# RIP Roxas



## serenityroyal (Mar 8, 2010)

Well lost my favorite fishy this afternoon. Really sucks cus I did everything I could to save...even though him dying was probably my fault in the first place T_T. He was my first betta too, bought him at petco. He was a sick little fish then just perked up and had tons of personality that I didn't know fish had! Even though he died I'm still glad I rescued him from petco and had such a funny little pet . Even though I'm having some issues keep fish alive at school...I swear there is something wrong with the stupid water >_< I'm gonna keep rescuing bettas from the pet stores and giving the best home I can


----------



## bettalover2033 (Feb 17, 2010)

Good job and R.I.P. Roxas!!


----------



## serenityroyal (Mar 8, 2010)

Oh I love your picture what a cute fishy ^^!!


----------



## nochoramet (Oct 2, 2009)

I'm sorry you lost him.
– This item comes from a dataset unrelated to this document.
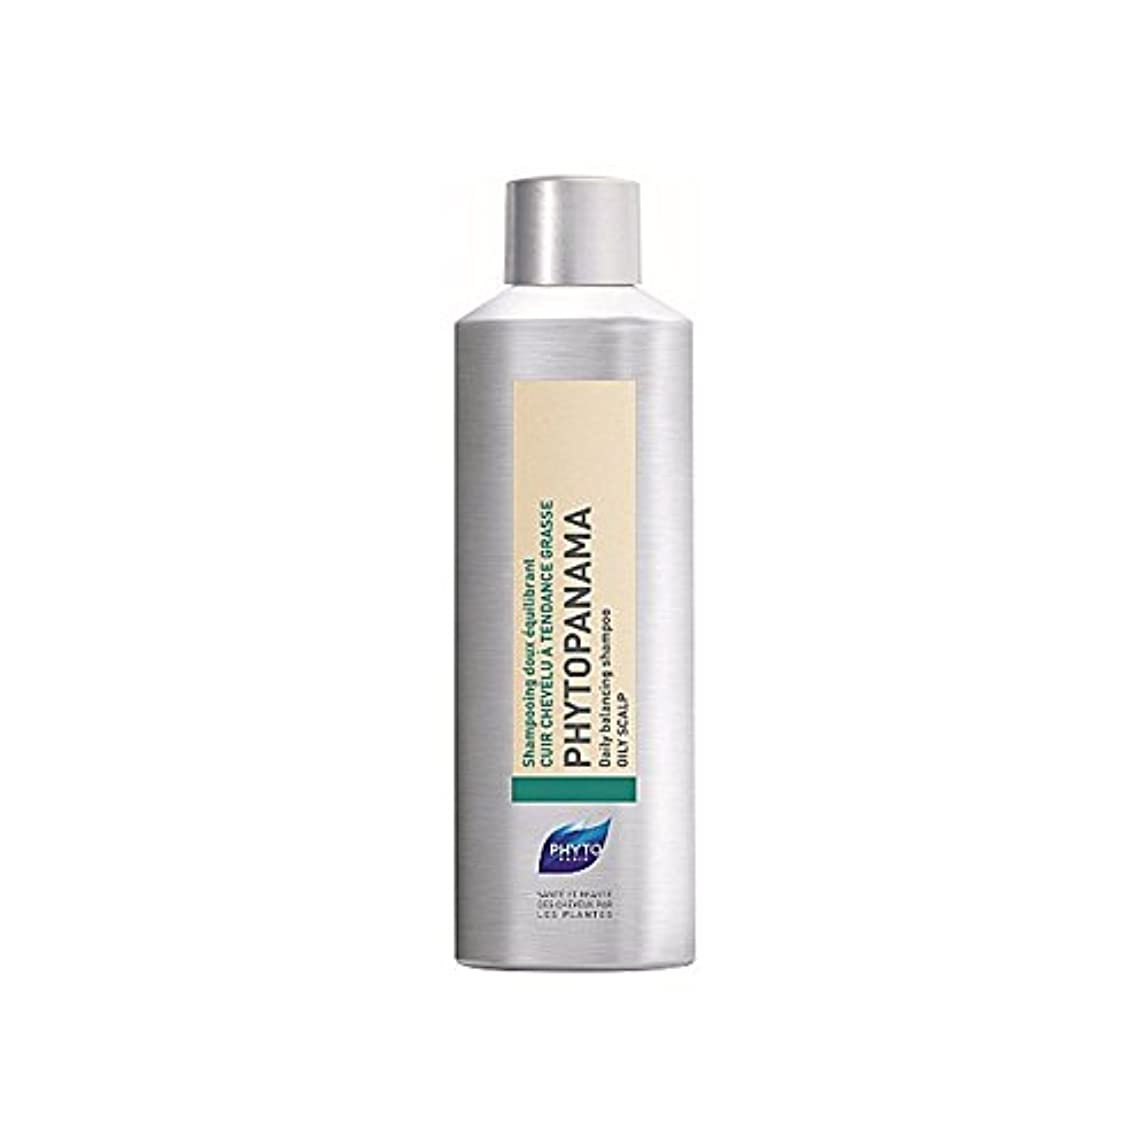 アパルリールおとこフィトシャンプー200ミリリットル x4 - Phyto Phytopanama Shampoo 200ml (Pack of 4) [並行輸入品]
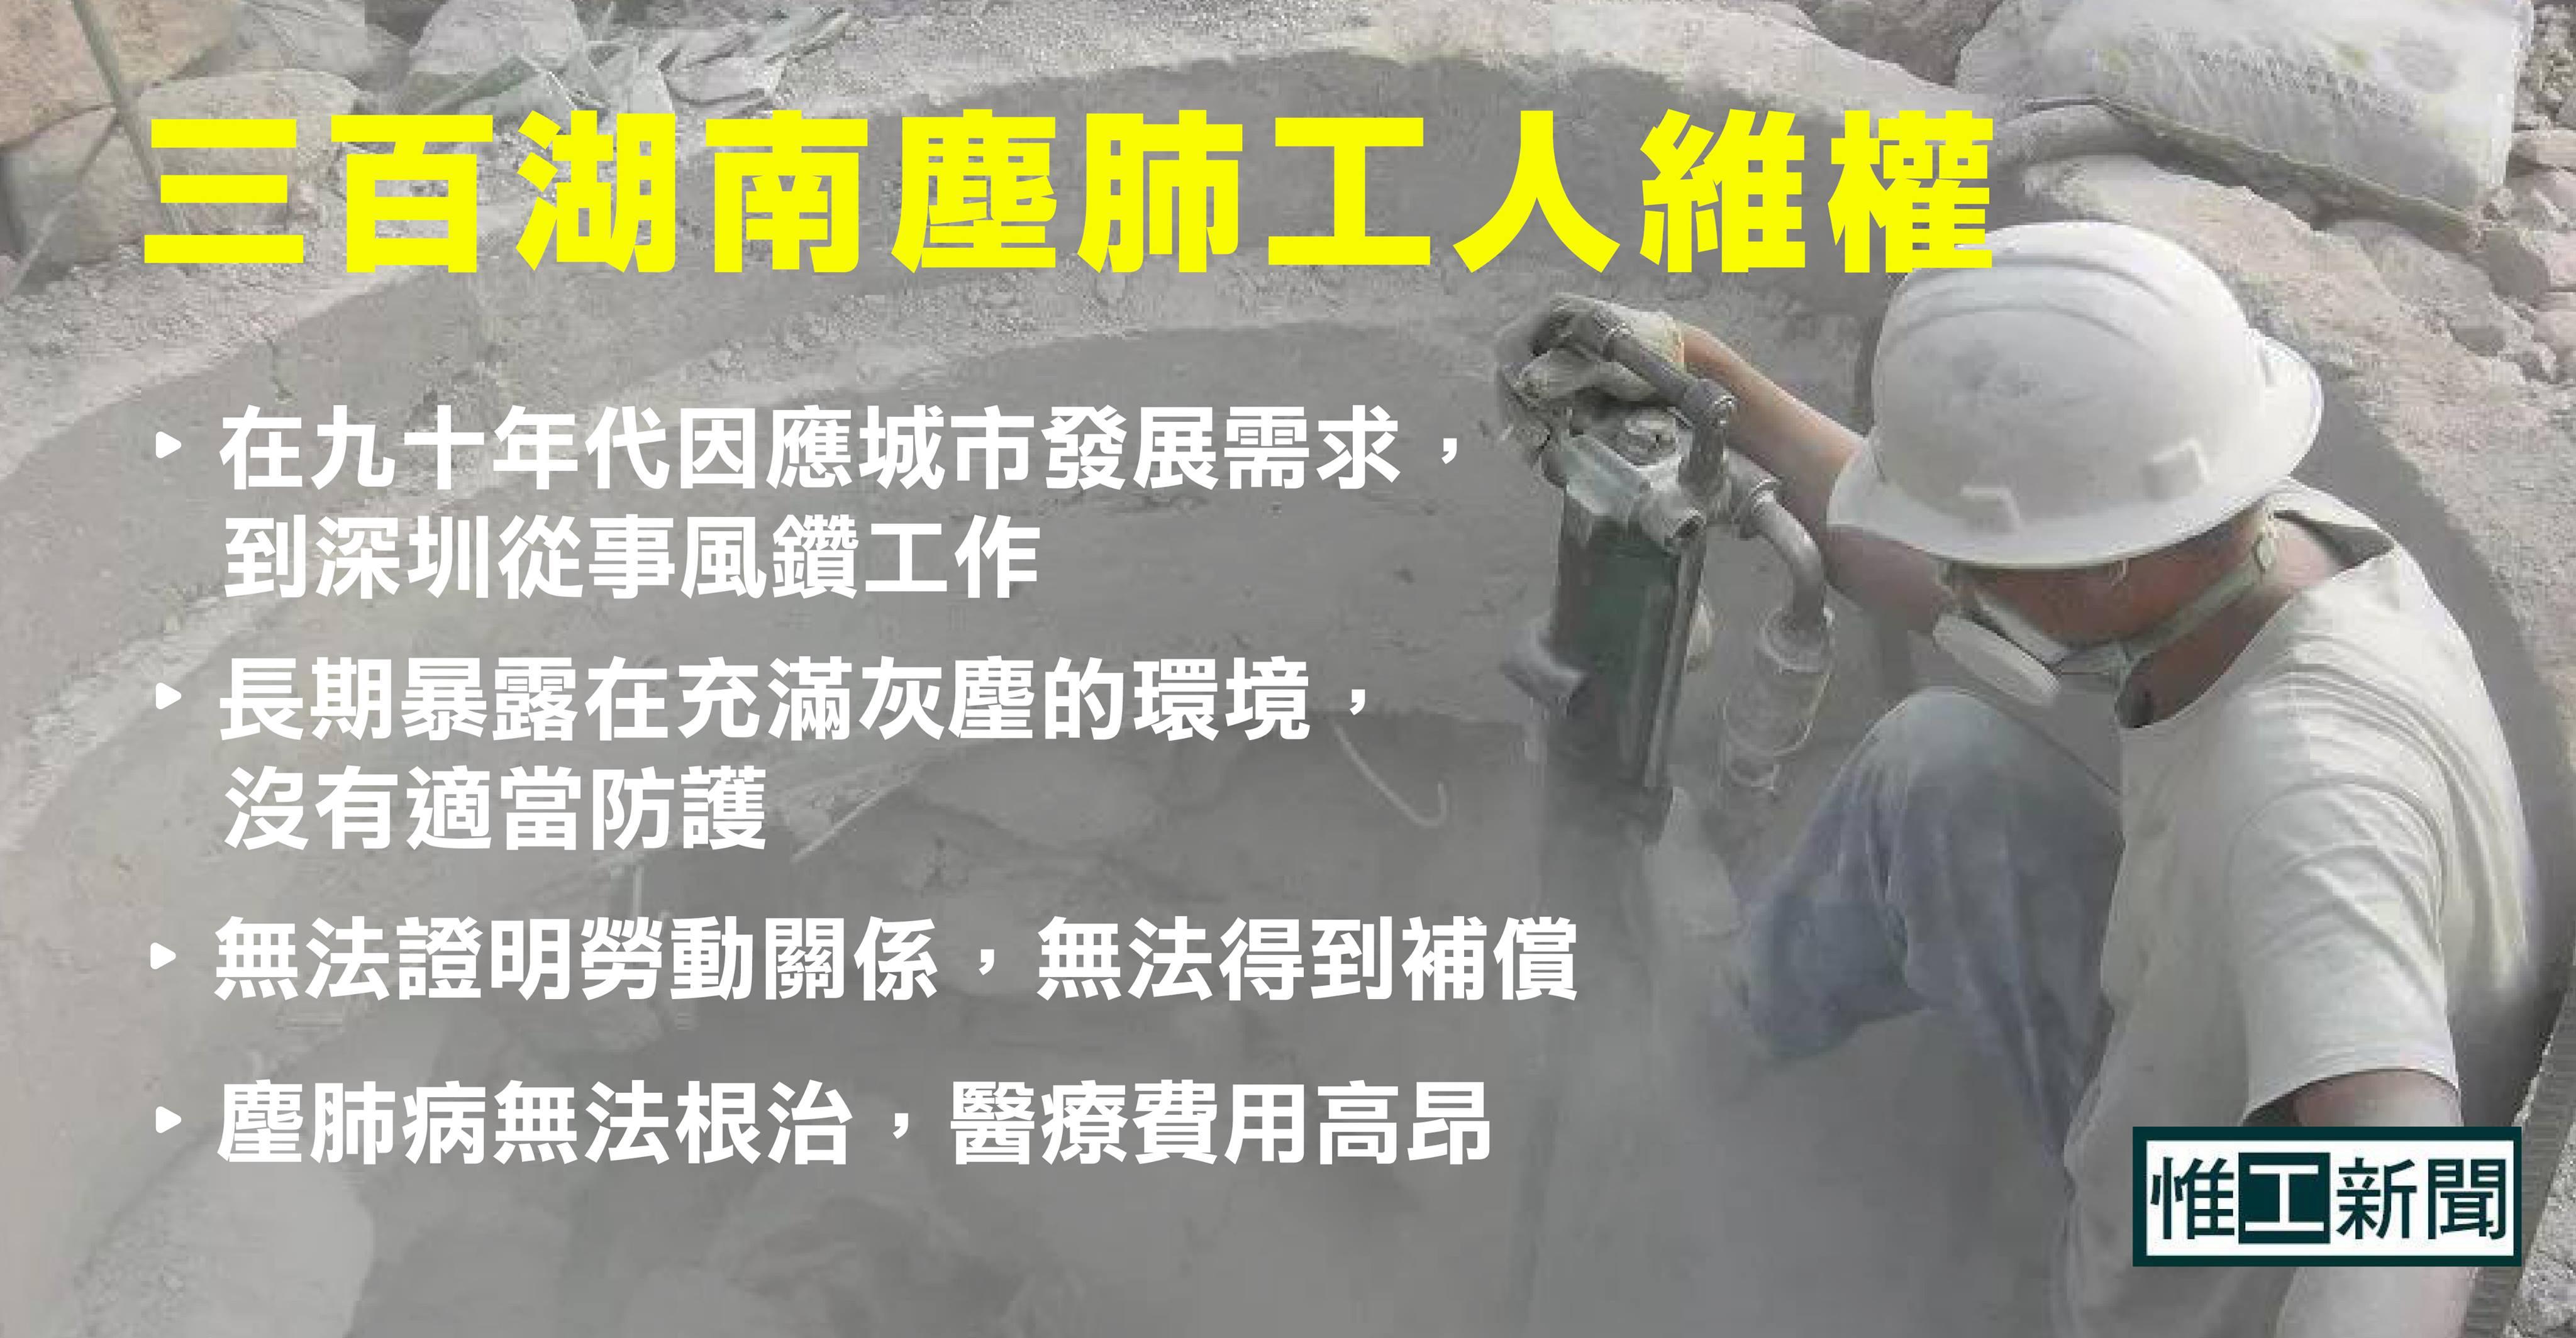 在深圳建築地盤工作 患上肺積塵 三百湖南工人集體索償 | 惟工新聞 | WKNews

Sometimes there is nothing you can do, other than love them the time you have them. RIP Roxas.


----------



## dramaqueen (Jul 7, 2008)

I'm so sorry about Roxas.


----------



## serenityroyal (Mar 8, 2010)

Didn't know how much I'd miss the little guy  every time I came back from class, because he was at school with me, he'd swim up to the front of the tank and wiggle around like he was saying "Hi" and it's sad to see an empty tank on my desk with no fish in it


----------



## bettalover2033 (Feb 17, 2010)

serenityroyal said:


> Didn't know how much I'd miss the little guy  every time I came back from class, because he was at school with me, he'd swim up to the front of the tank and wiggle around like he was saying "Hi" and it's sad to see an empty tank on my desk with no fish in it


How did he die an how is he in school with you?


----------



## Kitty Whiskers (Sep 28, 2009)

Sorry to hear that your Betta Roxas died *Hugs* And yes you keep right on saving the fishies from the store that need a good home to save their lives!


----------



## serenityroyal (Mar 8, 2010)

Thank you fall all the comments guys  makes me feel lots better. I'm planning on going to the pet stores in my area this weekend and maybe rescuing some fish. I'm not looking to replace my first fish, but I do have two empty tanks now that could be lovely homes for some little bettas in need ^^


----------